AAAI2025

DUO: Diverse, Uncertain, On-Policy Query Generation and Selection for Reinforcement Learning from Human Feedback

Xuening Feng, Zhaohui Jiang, Timo Kaufmann, Puchen Xu, Eyke Hüllermeier, Paul Weng, Yifei Zhu

被引用 7 次

摘要

Defining a reward function is usually a challenging but critical task for the system designer in reinforcement learning, especially when specifying complex behaviors. Reinforcement learning from human feedback (RLHF) emerges as a promising approach to circumvent this. In RLHF, the agent typically learns a reward function by querying a human teacher using pairwise comparisons of trajectory segments. A key question in this domain is how to reduce the number of queries necessary to learn an informative reward function, since asking a human teacher too many queries is impractical and costly. To tackle this question, most existing methods mainly focus on improving exploration, introducing data augmentation or designing sophisticated training objectives for RLHF, while the potential of query generation and selection schemes have not been fully exploited.

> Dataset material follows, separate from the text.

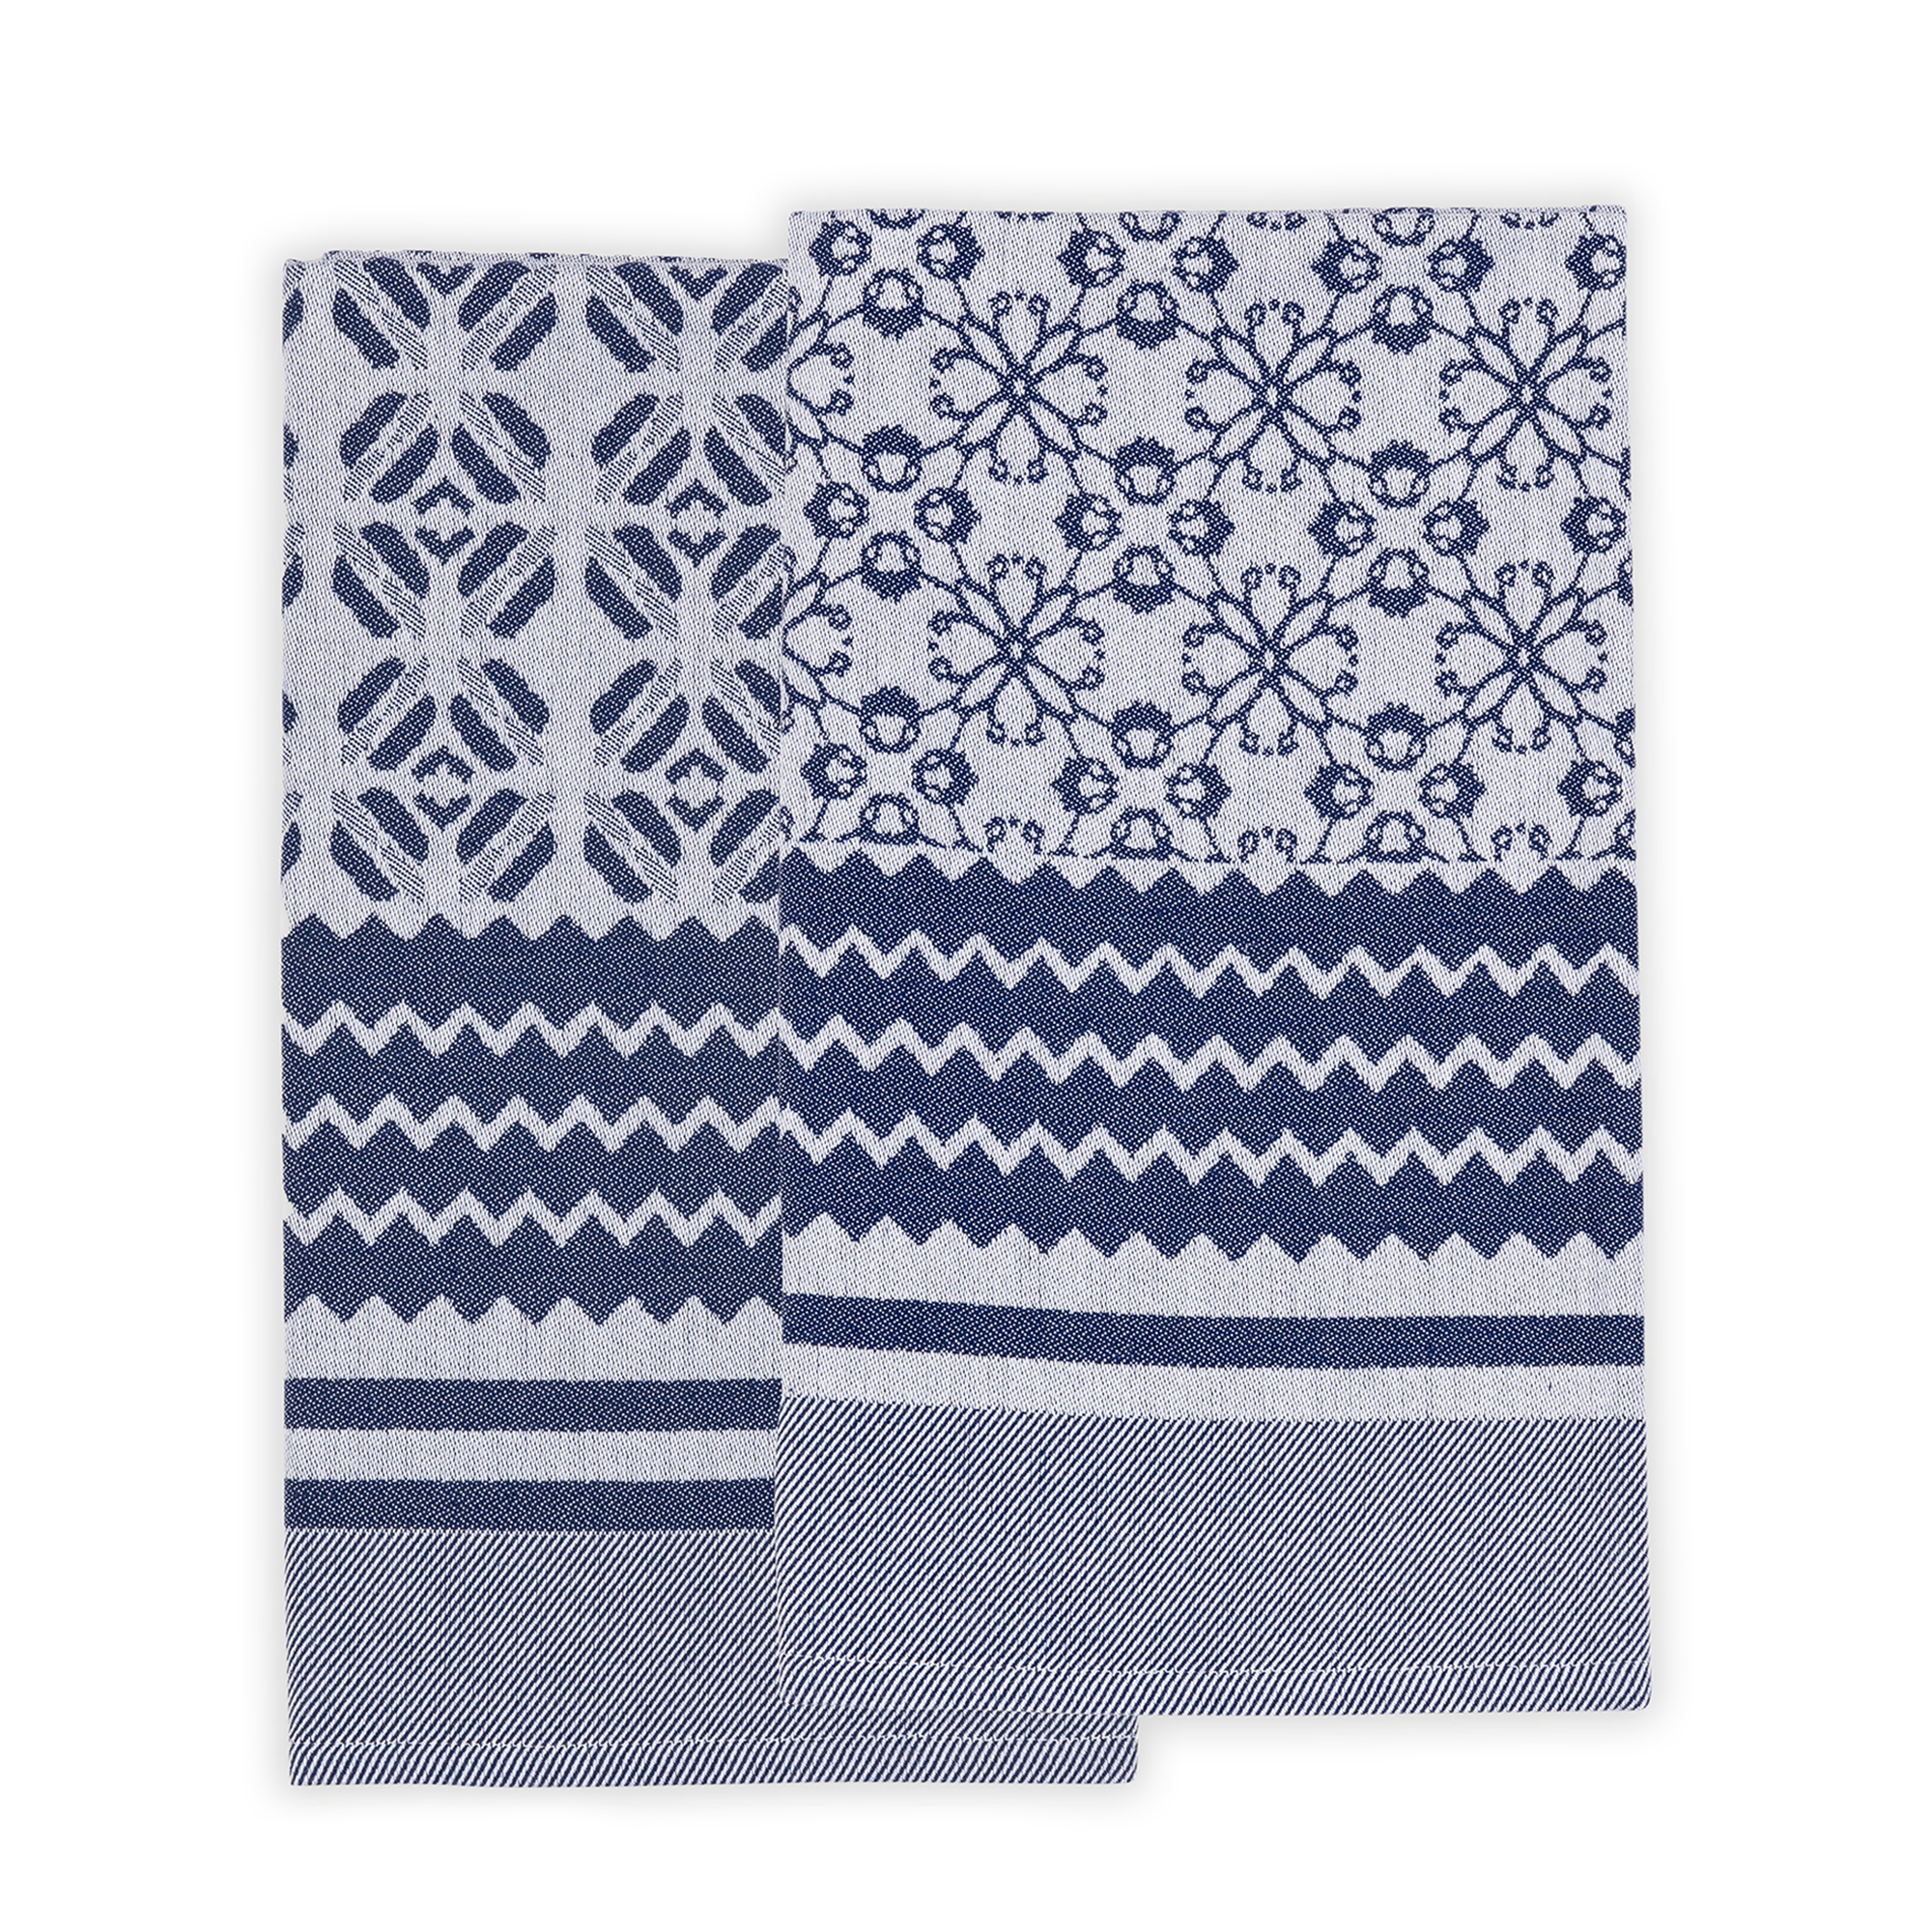 Unique tea towels inspired by Africa's rich culture, jacquard woven from 100% African cotton. Featuring diverse African patterns including floral designs in light and dark blue, these dish towels add vibrancy to your kitchen and intrigue guests.

In this paper, we propose DUO, a novel method for diverse, uncertain, on-policy query generation and selection in RLHF. Our method produces queries that are (1) more relevant for policy training (via an on-policy criterion), (2) more informative (via a principled measure of epistemic uncertainty), and (3) diverse (via a clustering-based filter). Experimental results on a variety of locomotion and robotic manipulation tasks demonstrate that our method can outperform state-of-the-art RLHF methods given the same total budget of queries while being robust to possibly irrational teachers.